WHAT IS BEING ASKED
Here the job is to transcribe the data verbatim while leaving each picture out.

SUPPLIED DATA

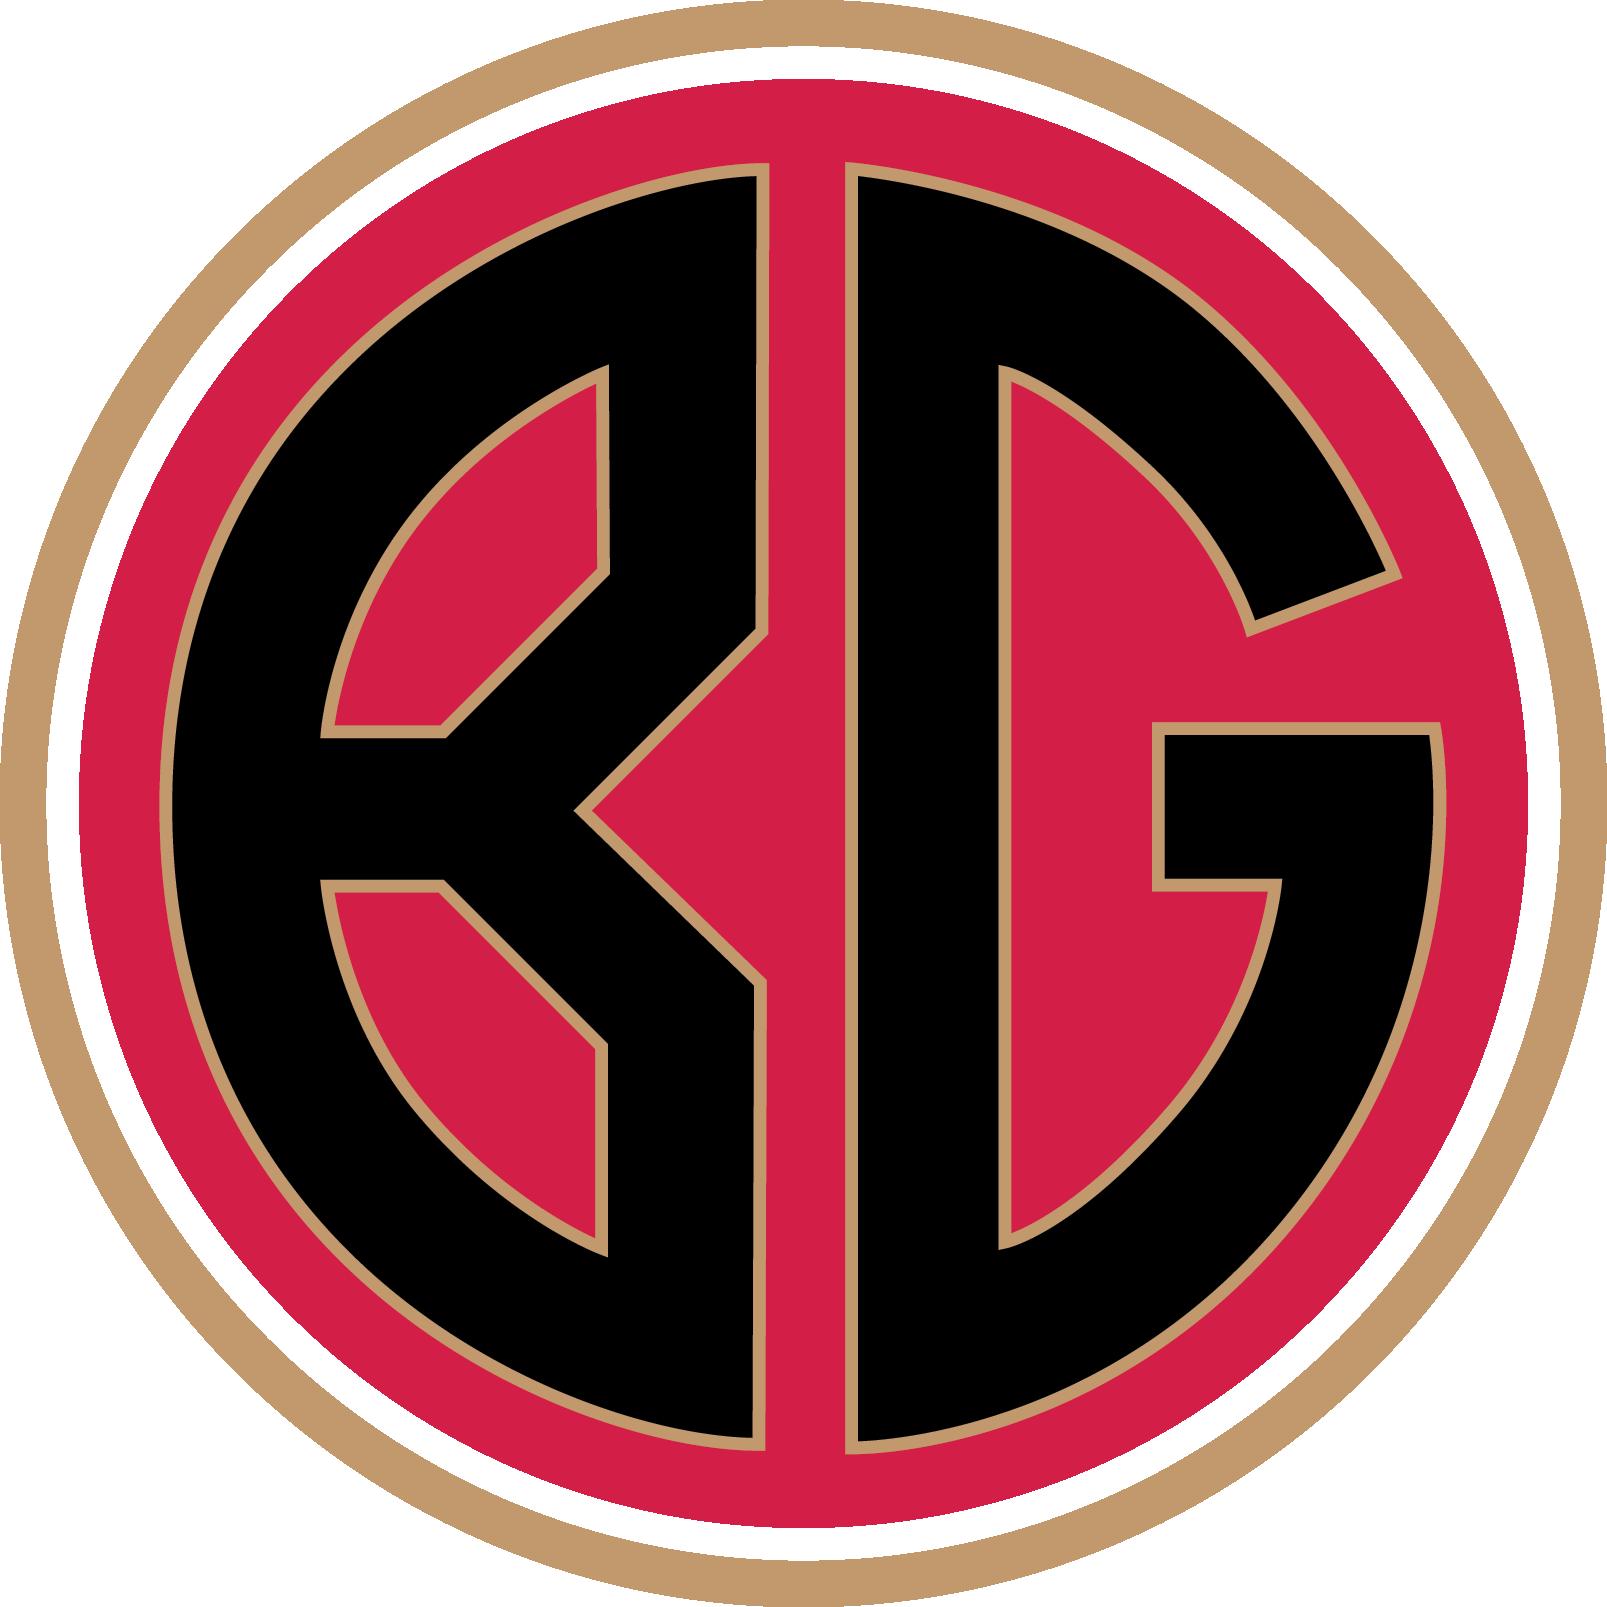 BG Logo_color vectorial_png.png
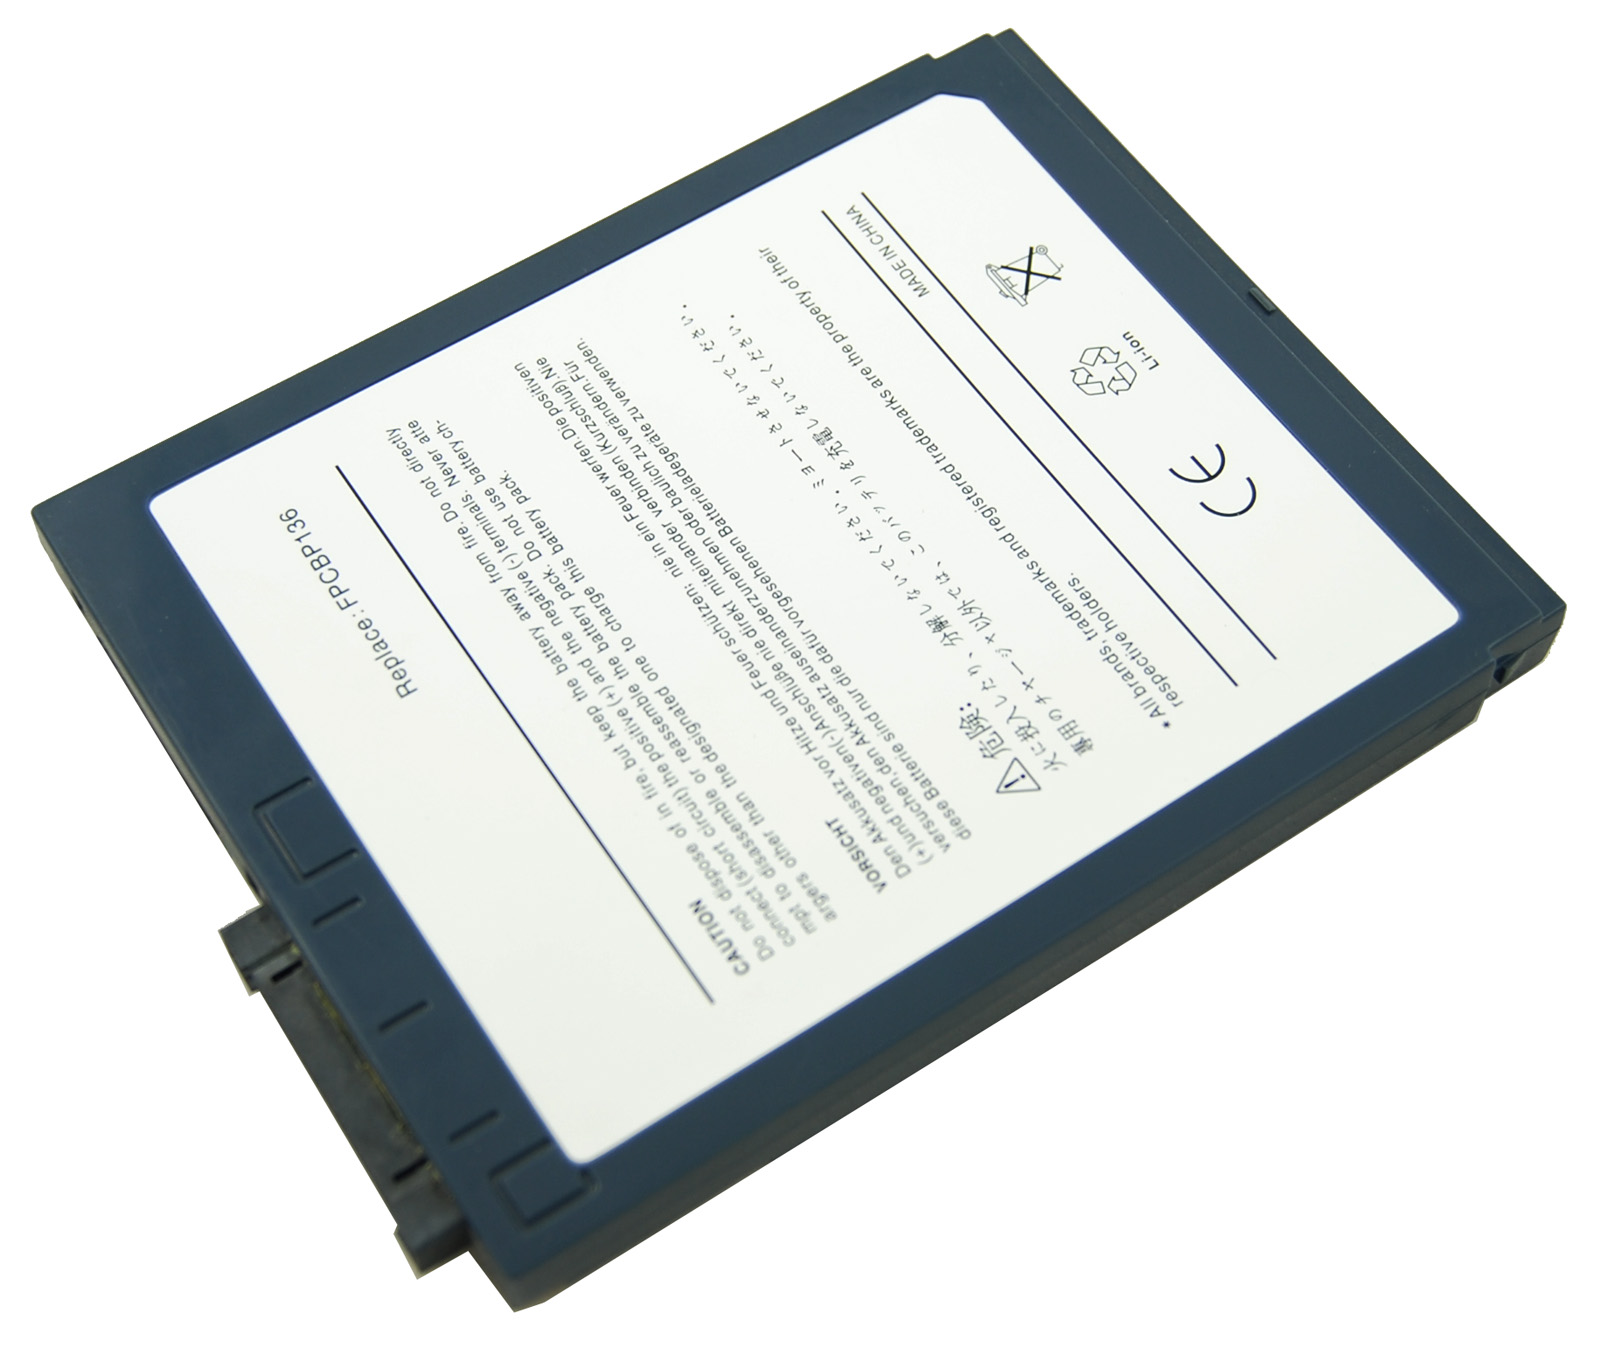 Fujitsu lifebook s2110
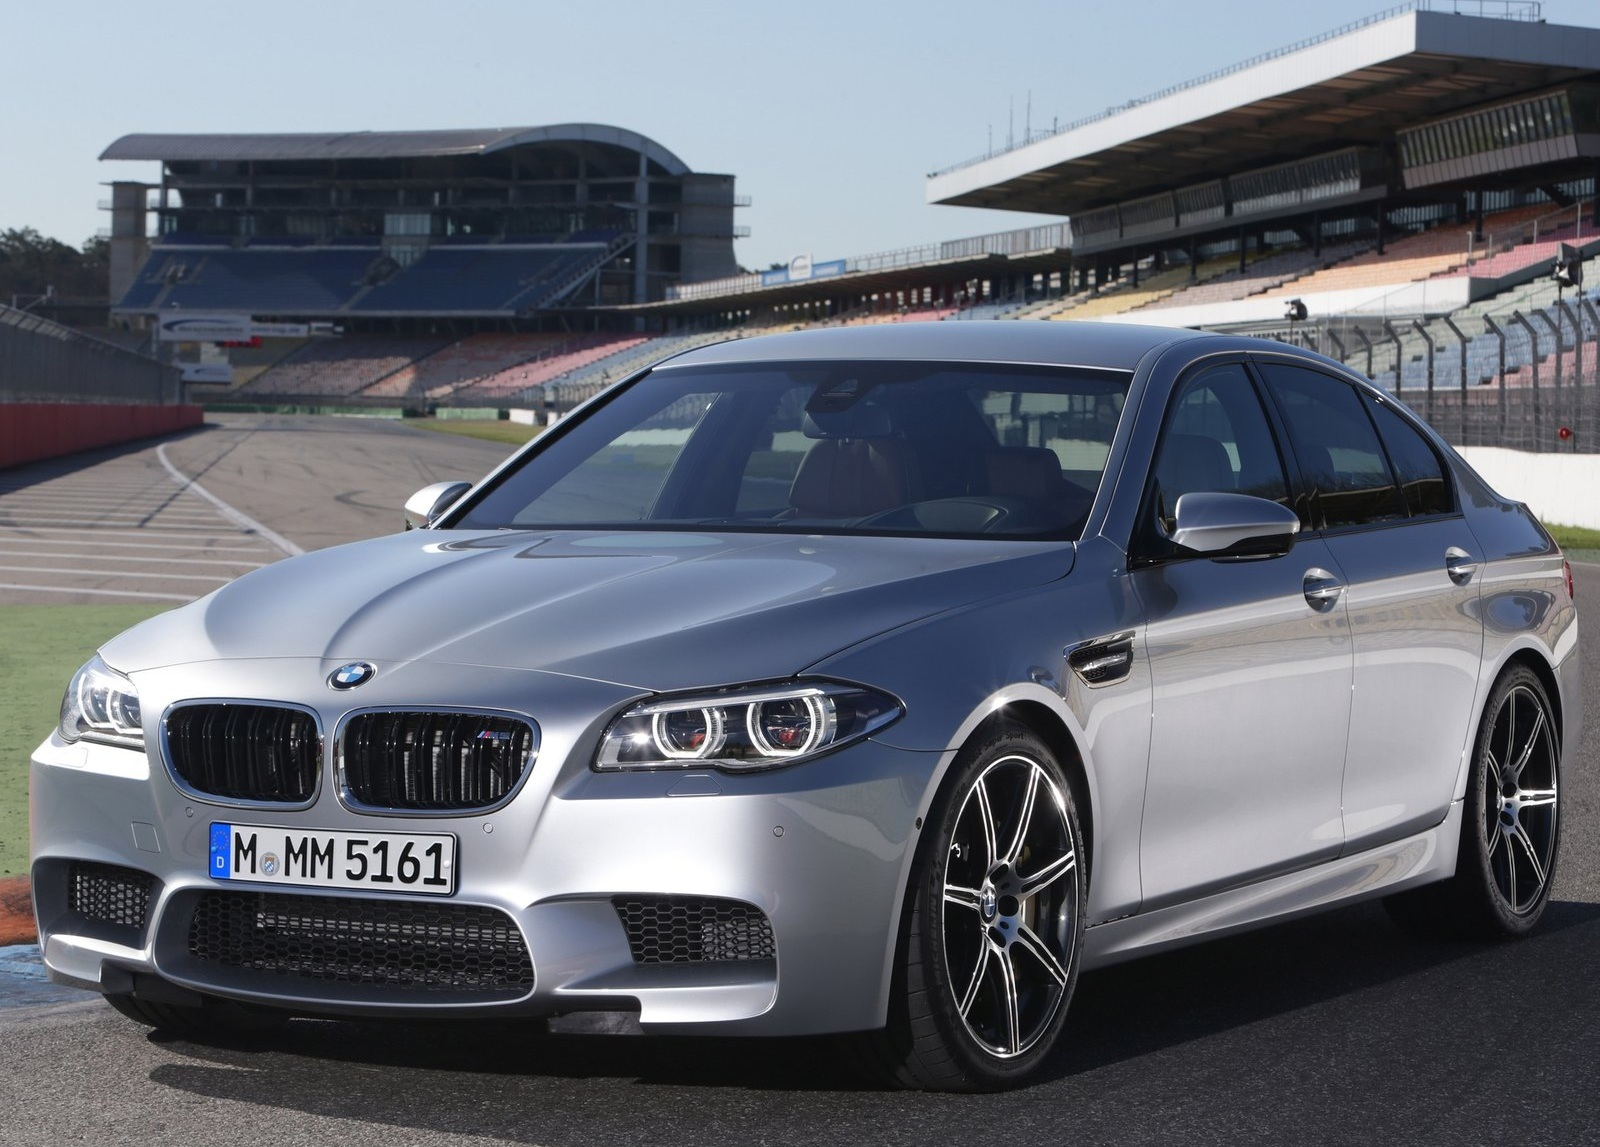 BMW M5 2014 new
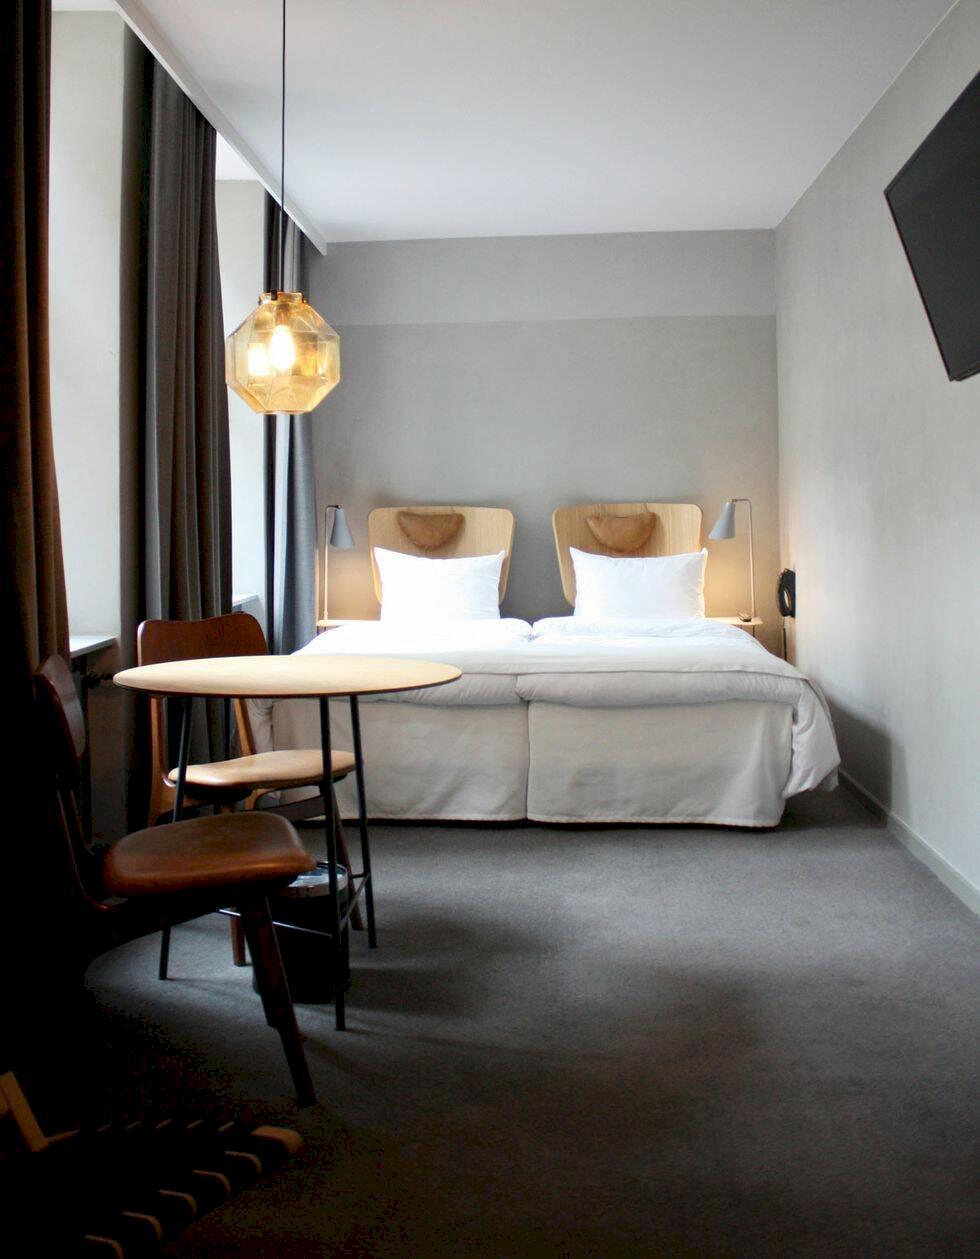 Köpenhamns hetaste hotell

TASK RESPONSE
 BG Logo_color vectorial_png.png
 Fujitsu lifebook s2110
 BMW M5 2014 new
 Köpenhamns hetaste hotell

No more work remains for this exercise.